● **Supplied information**:
* * * *

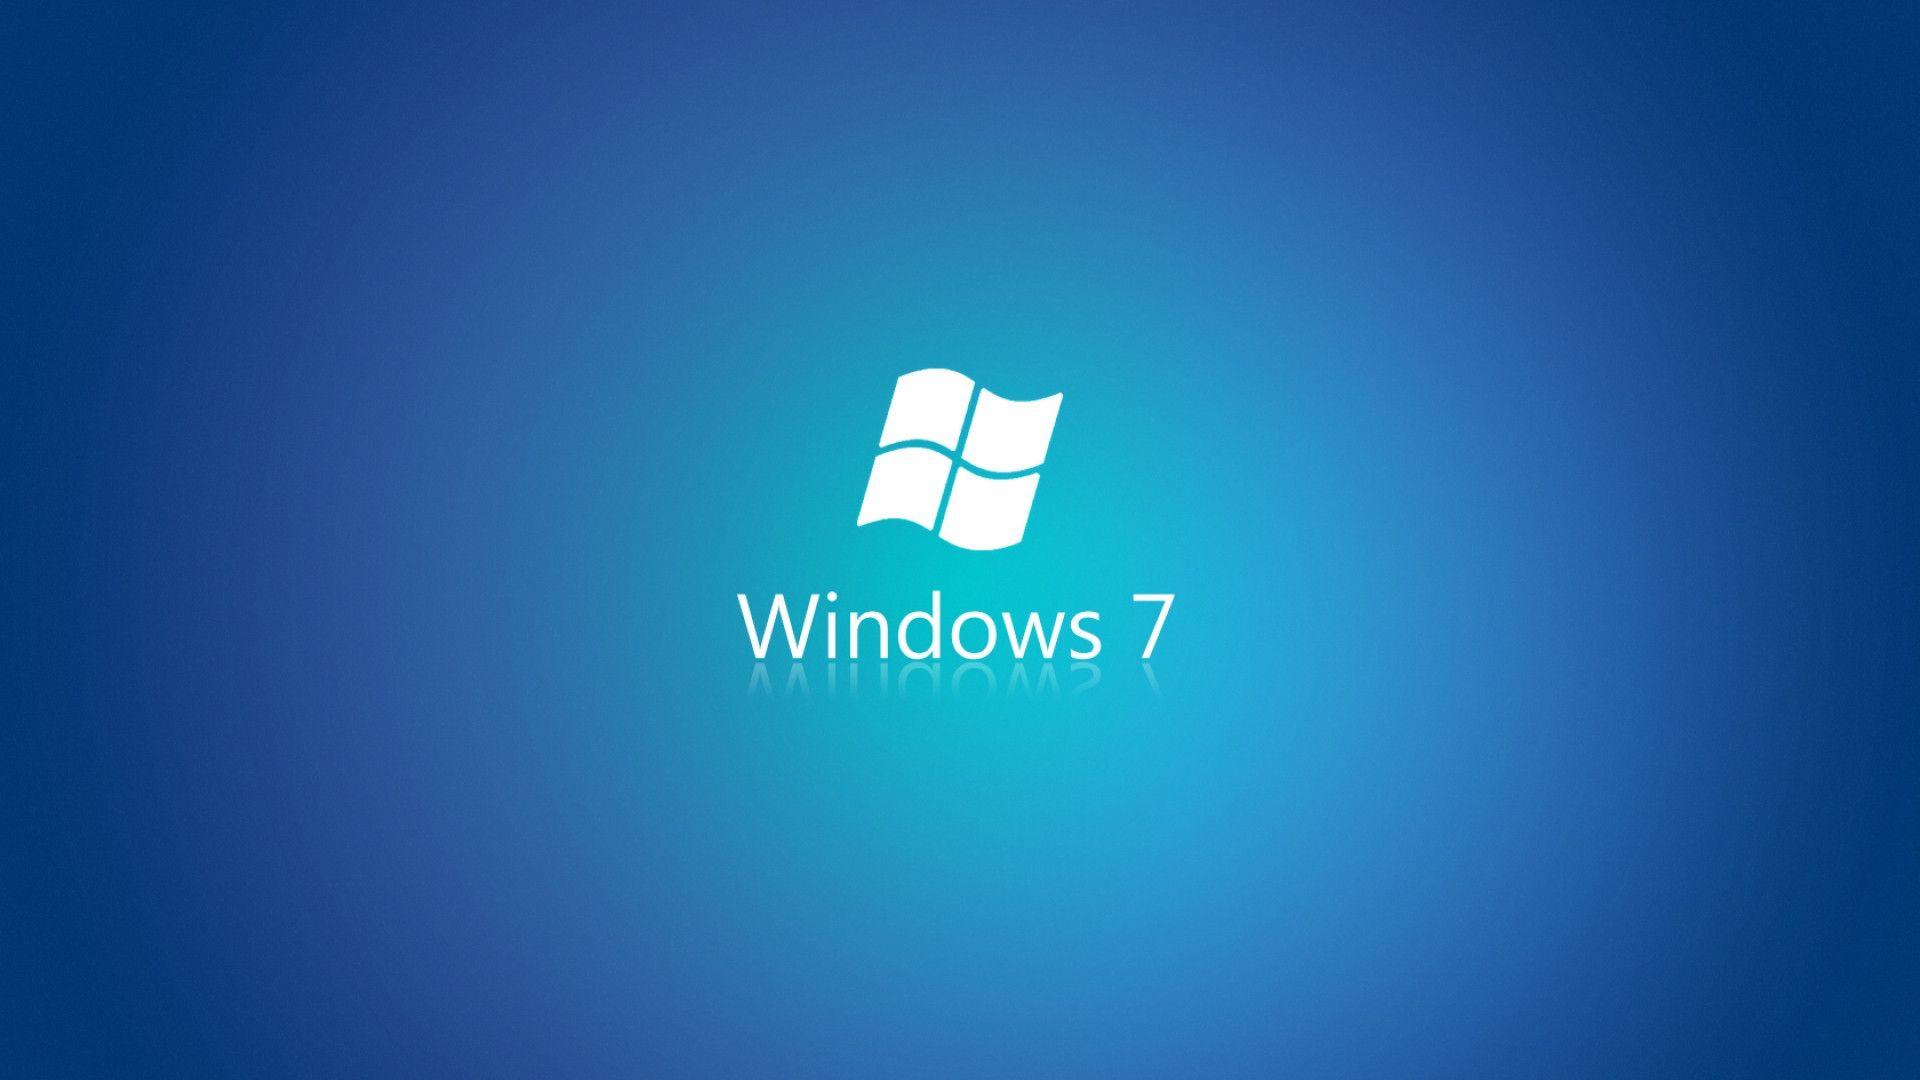 Windows 7 Logo Wallpapers Top Free Windows 7 Logo Backgrounds Wallpaperaccess
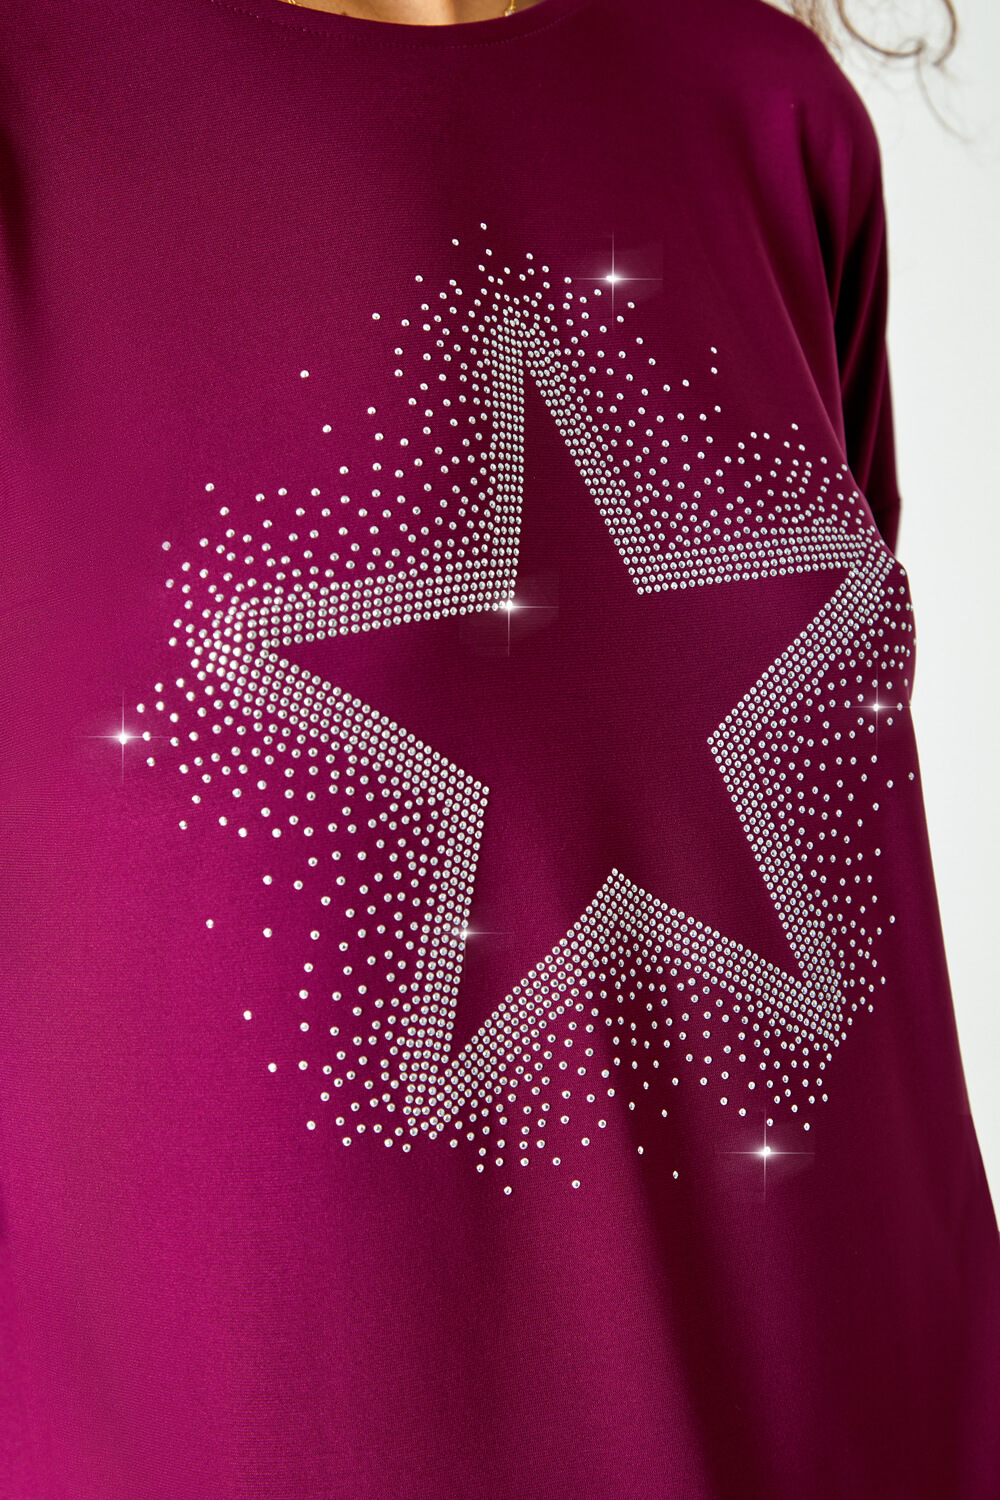 MAGENTA Embellished Star Print Stretch Top, Image 5 of 5
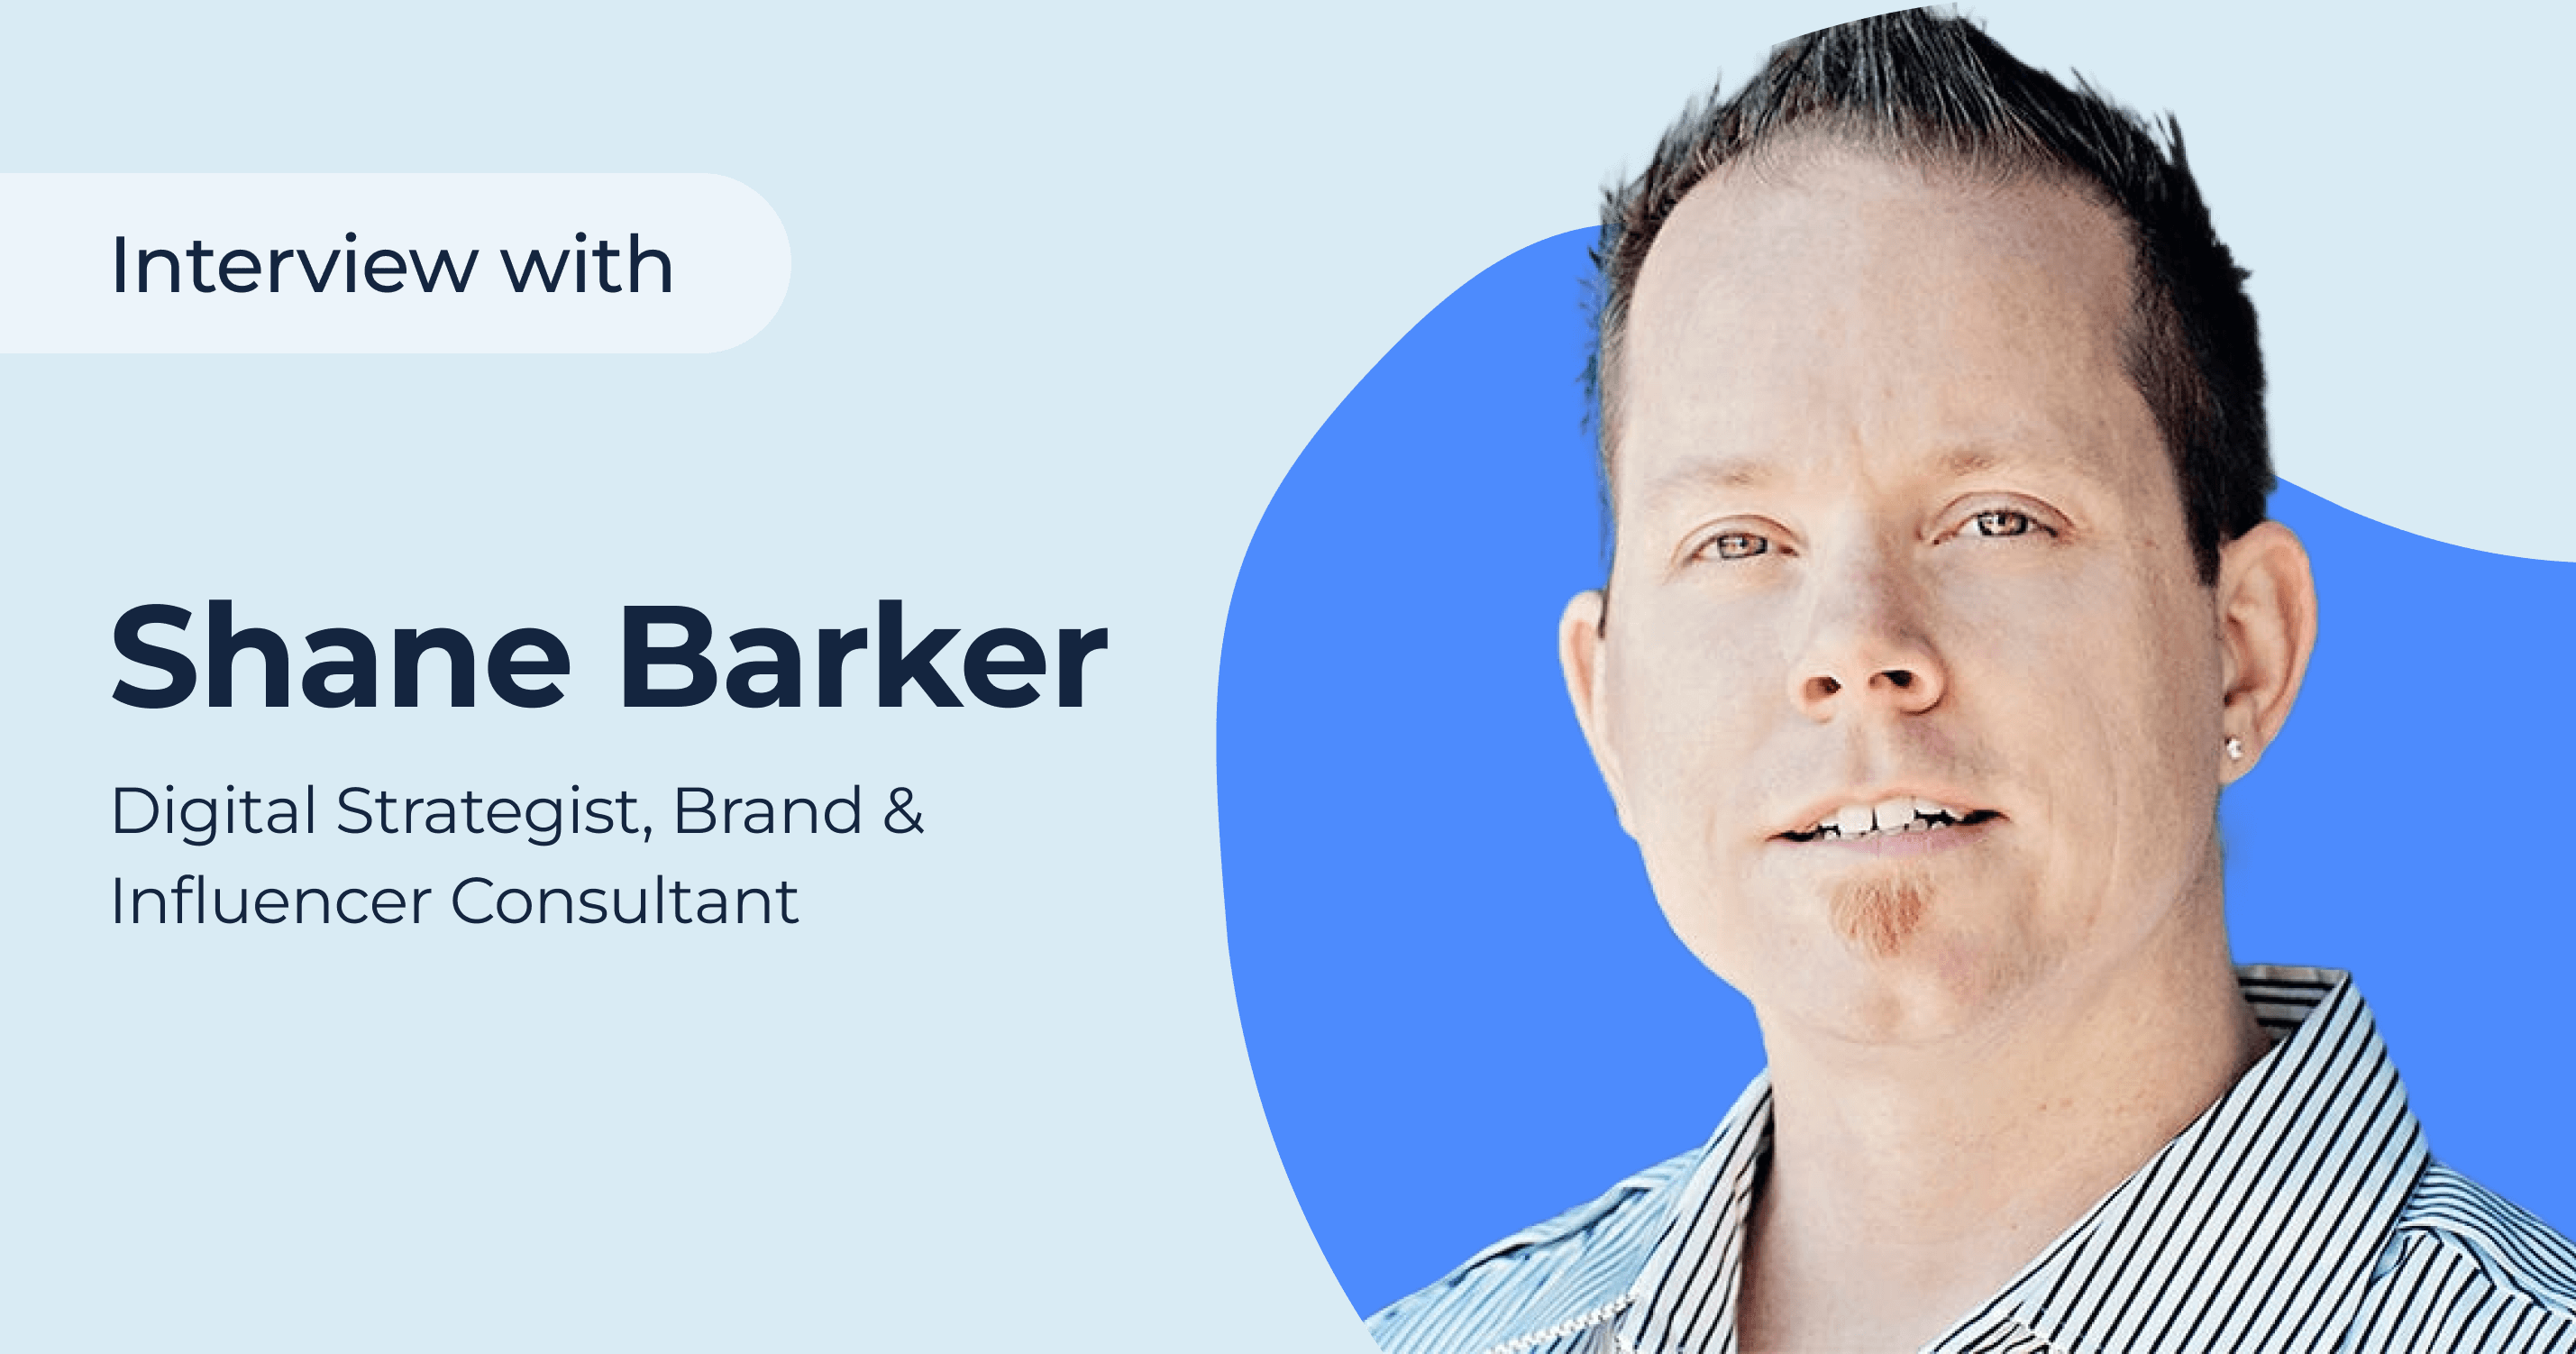 Interview with Digital Strategist, Brand & Influencer Consultant Shane Barker

* * * *

● **Task goal**:
Print the listing verbatim, images excluded.

● **Task solution**:
 Windows 7 Logo Wallpapers Top Free Windows 7 Logo Backgrounds Wallpaperaccess
 MAGENTA Embellished Star Print Stretch Top, Image 5 of 5
 Interview with Digital Strategist, Brand & Influencer Consultant Shane Barker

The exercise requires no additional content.